2010年5月3日月曜日

ギリシャの私的整理

今日のいろいろな報道を見ていて「なにか、どこかで見たことのある話だなぁー」という感が抜けなかったのですが、今やっと思い当たりました。今回、国とかユーロとかIMFとかが絡んでいるので複雑な話のように見えますが、結局、起きていることって、ここ10年以上日本で日常茶飯事的に見られる(事業再生があるかどうかはともかくとして)私的整理と同じ構図、もっと正確に言うと、ここ2~3年増えた、プライベート・エクイティ会社と銀行の交渉と同じではないかと思っています。
ギリシャが会社、ギリシャ国民は従業員、IMFやEU加盟国は株主、ギリシャ国債を保有している人たちは銀行や社債権者ですね。矮小化して喩えると、ギリシャという会社が赤字垂れ流しになって、借金が返せなくなったのだけれど、潰れてしまっては困るという意味では債権者も株主も同意しているので、債権者が株主にプレッシャーをかけてカネを出させ、株主としてはその見返りにリストラを強要していると。給与や福利厚生をカットして、元利払いや配当に回す原資を確保しなくてはならないということです。

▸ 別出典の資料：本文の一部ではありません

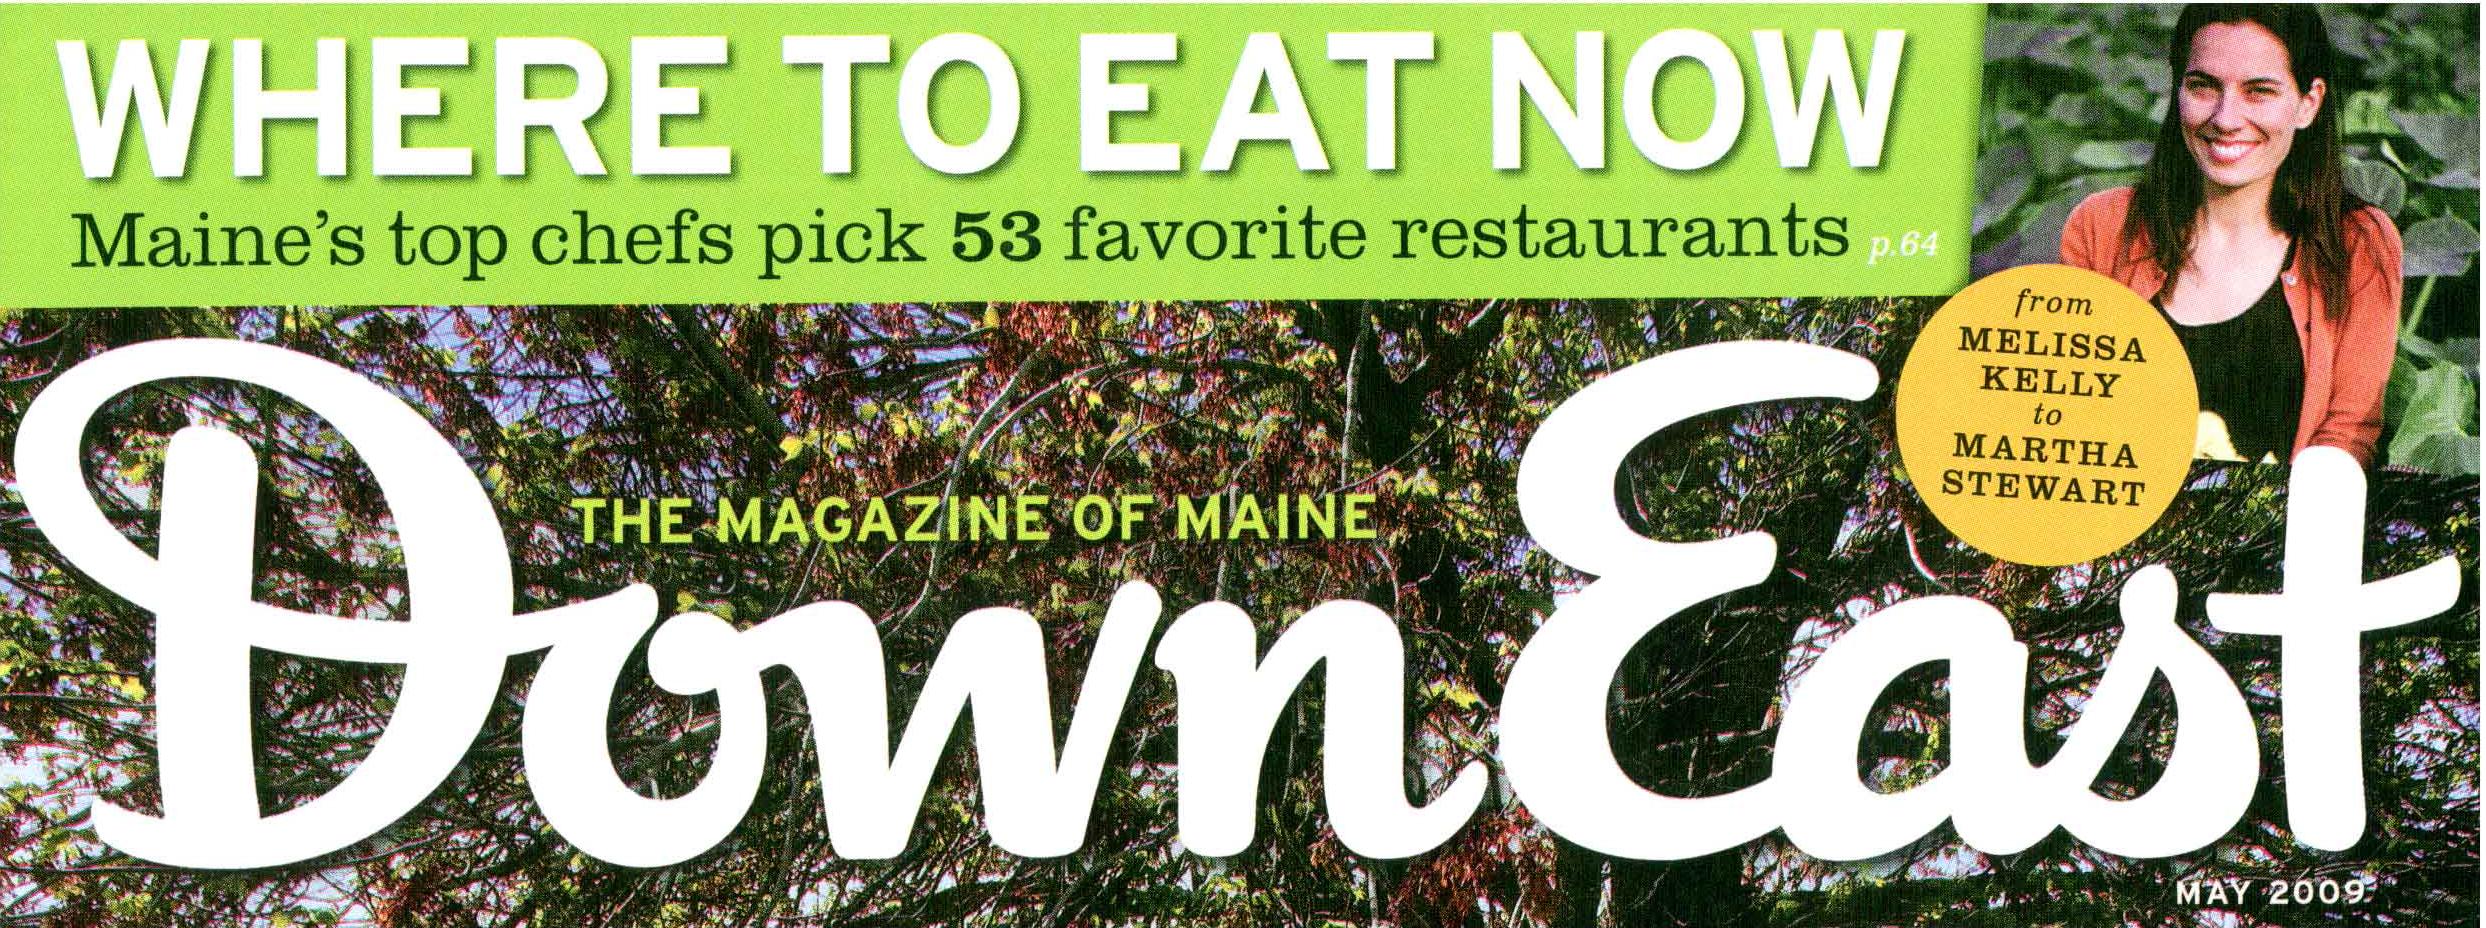 Downeast Magazine,  Martha Stewart,  Melissa Kelly,  Mark Gaier, Clark Frasier,

今現在の個人的な感触としては、今回のは長期的にはうまくいかないのではないかと思っていまして、というのも、社会的使命のないものを作っている会社のターンアラウンドが極めて困難なのと同様、競争力があって魅力的な社会を構築して財政基盤を安定化させることはとても難しいからです。ですから、まずコスト・カットに手を付けるわけで、このあたり、事業がうまくいかなくなったプライベート・エクイティ案件に似ていますが、それも限界がありますよね。
ギリシャ国民の資質について語れるほど詳しくはないので、その意味で今回の試みの成否を占うのは僭越ですが、少なくとも企業とのアナロジーで考えると、一筋縄ではいかんわなと。潜在成長性が高いのに外的ショックでやられた韓国の話とはわけが違うと思います。
日本史で習ったものを改めて確認したのですが、日本がIMF14条国から8条国に移行したのは 昭和39年4月とのこと。